As shown in Figure 3, inserting the Wdwconv module inside the attention pathway, positions (a)–(d),
does not yield improvements and often degrades performance, suggesting that local perturbations
interfere with the geometric structure of attention’s linear projections. A mild gain appears at position
(e), where the perturbation acts only on aggregated multi-head features.
The dominant effect arises at position (f), after the MLP expansion, indicating that short-range
mixing is most beneficial when applied within an already nonlinear subspace. This supports a
functional interpretation in which the MLP—not attention—constitutes the model’s primary source

7
of expressive nonlinearity; augmenting it with Wdwconv substantially enhances the model’s nonlinear
representational capacity.
As shown in Fig. 4, the incorporation of short convolution into the MLP significantly enhances channel
mixing. While the standard Universal Transformer exhibits relatively sparse and homogeneous
attention patterns, the model with ConvSwiGLU produces attention matrices with more diverse and
structured distributions. This suggests that short convolution facilitates more effective inter-channel
information flow, thereby improving the expressiveness of the attention mechanism.

4.5 Truncated Backpropagation Through Loops

Loop w/ grad. Loop w/o grad. pass@1 pass@10 pass@100 pass@1000

8 0 36.25 50.75 61.25 66.88
7 1 37.75 49.13 59.50 65.88
6 2 39.13 53.50 61.88 66.88
5 3 39.50 51.63 60.88 65.25
4 4 38.75 50.50 61.50 65.88
3 5 36.88 49.00 57.75 63.88
2 6 34.25 46.25 55.75 61.75
1 7 22.50 37.00 45.38 52.38

Table 3: Effect of Truncated Backpropagation Through Loops (TBPTL) across inner loops on ARC-
AGI 1. “Loop w/o grad.” denotes the number of forward-only inner-loop iterations, while “Loop w/
grad.” indicates the number of inner loops involved in backpropagation.

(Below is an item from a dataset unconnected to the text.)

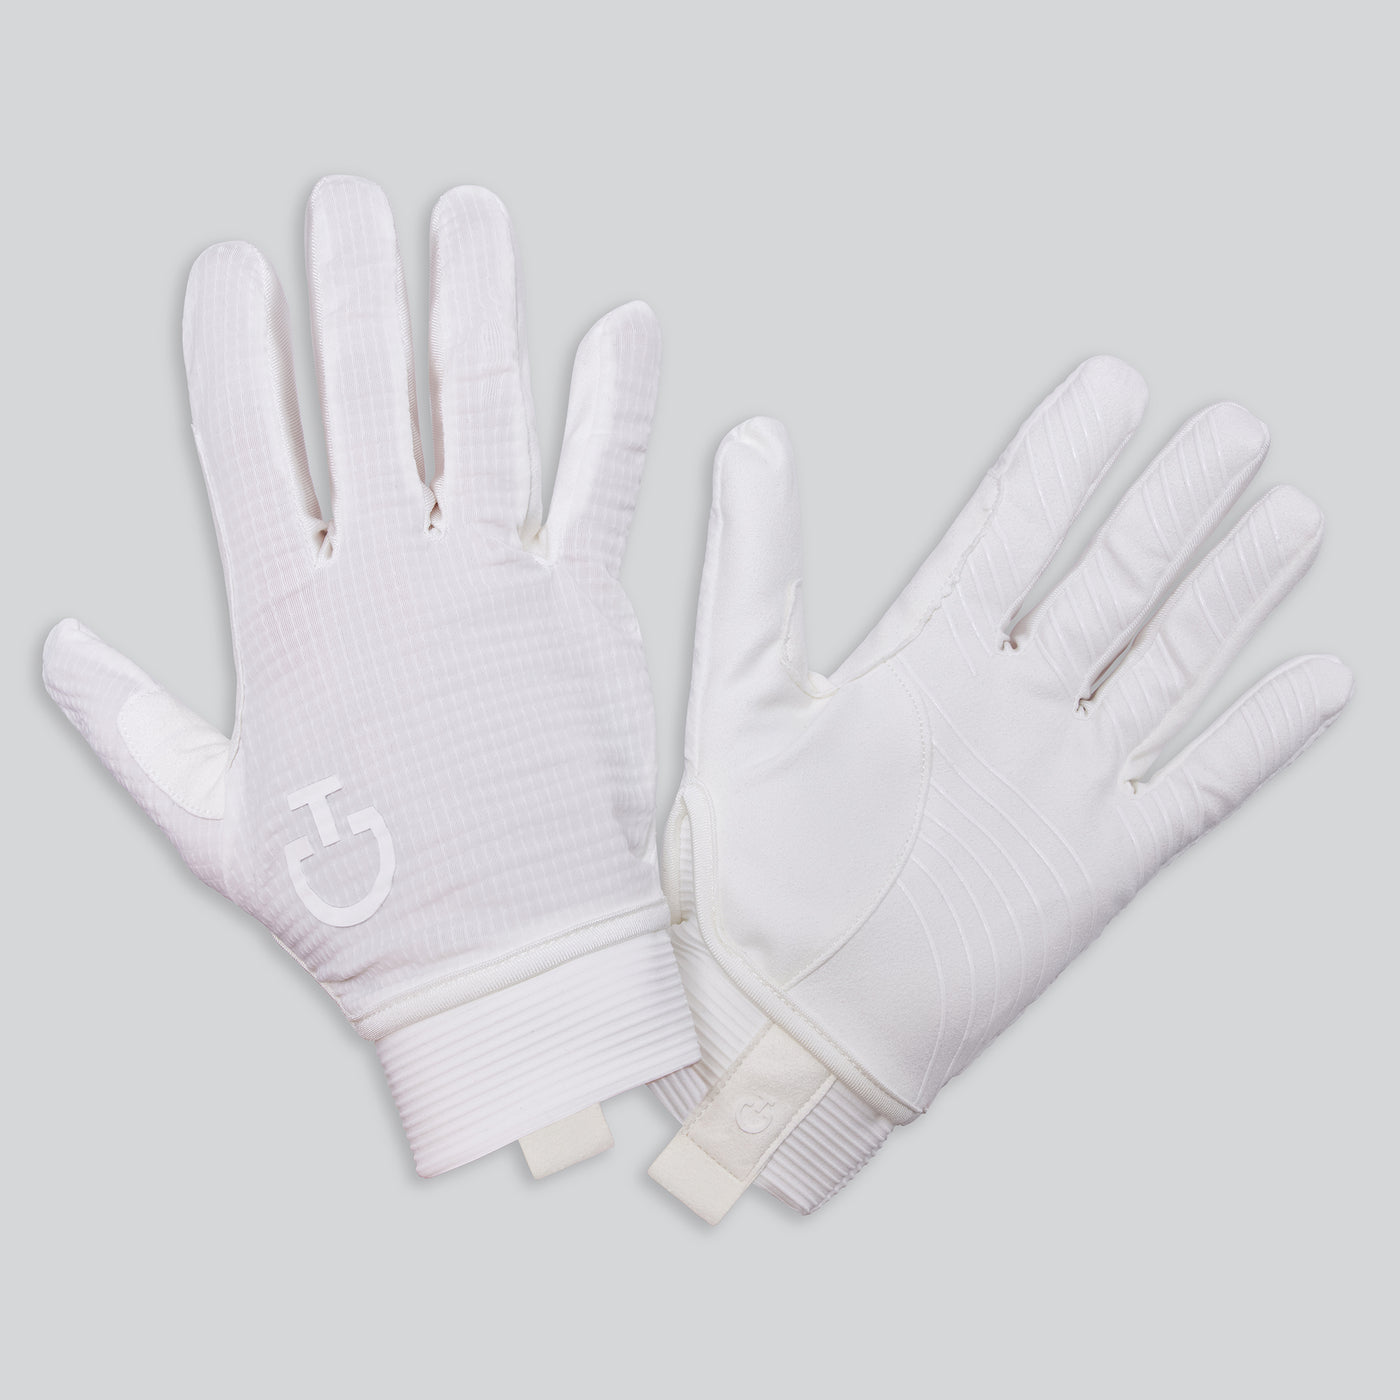 CT Grip Gloves

As shown in Table 5, when the total number of inner loops is fixed to 8, truncating gradients for the
first two loops—i.e., running the initial two inner-loop iterations in forward-only mode—achieves
the best performance. Both pass@1 and pass@1000 peak at this truncation setting, while shorter or
longer truncation horizons result in inferior outcomes.
This trend closely resembles truncated backpropagation through time (TBPTT) in recurrent neural
networks, where the underlying motivation is largely the same. In full backpropagation through time,
gradients are propagated through the entire sequence, which incurs high computational and memory
costs and often yields ineffective long-range gradients due to vanishing or exploding behaviors. As a
result, practical implementations typically restrict gradient propagation to a fixed recent window, e.g.,
by backpropagating errors only through the last L time steps and updating the network parameters
accordingly [14, 17].
Similarly, in universal transformers, propagating gradients across all inner-loop iterations can lead
to unstable optimization, while overly aggressive truncation limits the model’s ability to coordinate
multi-step refinement. Moderately truncating gradient propagation therefore provides a favorable
balance between optimization stability and effective long-horizon learning.
We note that all results in this experiment are obtained using a two-layer URM without the short
convolution module, which differs from the full URM model reported earlier.

8
4.6 Nonlinearity of Transformers

Model pass@1 pass@10 pass@100 pass@1000

Full Universal Reasoning Model 53.75 71.25 80.38 85.13
w/o Short Conv. 45.25 62.63 72.00 78.25
SwiGLU → SiLU 29.75 42.13 50.00 54.50
SiLU → ReLU 28.63 43.38 50.63 54.88
w/o Attention Softmax 2.00 6.75 10.25 15.00

Table 4: Ablation study on nonlinearity architectural components of the Universal Reasoning Model.
We report pass@n results on ARC-AGI 1. All experiments are conducted under exactly the same
settings as in Section 4.1.

As shown in Table 4, the performance on ARC-AGI 1 decreases monotonically as nonlinear compo-

nents are progressively removed from the model. Among these components, the activation function
in the MLP plays a particularly critical role: replacing SwiGLU with simpler nonlinearities such as
SiLU or ReLU leads to substantial degradation, while completely removing the attention softmax
results in a dramatic collapse in performance. This clear monotonic trend highlights the importance
of strong nonlinear transformations for solving complex abstract reasoning tasks.
These results suggest that the expressive power required for ARC-AGI primarily arises from rich
nonlinear mappings. Weakening the nonlinearity may systematically limits the model’s ability to
represent complex reasoning skills.
We note that the model still retains certain forms of nonlinearity that are not ablated in this study,
such as the RMSNorm applied after each layer and the dot-product interaction between queries and
keys in attention. However, these components are either difficult to remove without causing training
instability or represent relatively weak nonlinear effects compared to explicit activation functions. As
ablating them typically leads to training failure, they fall outside the scope of the present analysis.

4.7 Muon Optimizer

ARC-AGI 1 ARC-AGI 2
0.8 0.35
0.30
0.6 0.25
Accuracy

0.20
0.4 0.15
0.10
0.2
0.05
0.0 0.00
0K 200K 400K 600K 800K 0K 200K 400K 600K 800K 1000K 1200K
Step Step
adam pass@1 adam pass@1000 muon pass@1 muon pass@1000

Figure 5: ARC-AGI pass@1 and pass@1000 performance of Adam and Muon optimizers on ARC-
AGI 1 and ARC-AGI 2 benchmarks. Solid lines denote pass@1000, dashed lines denote pass@1,
and colors indicate different optimizers. Training steps are shown in thousands (K).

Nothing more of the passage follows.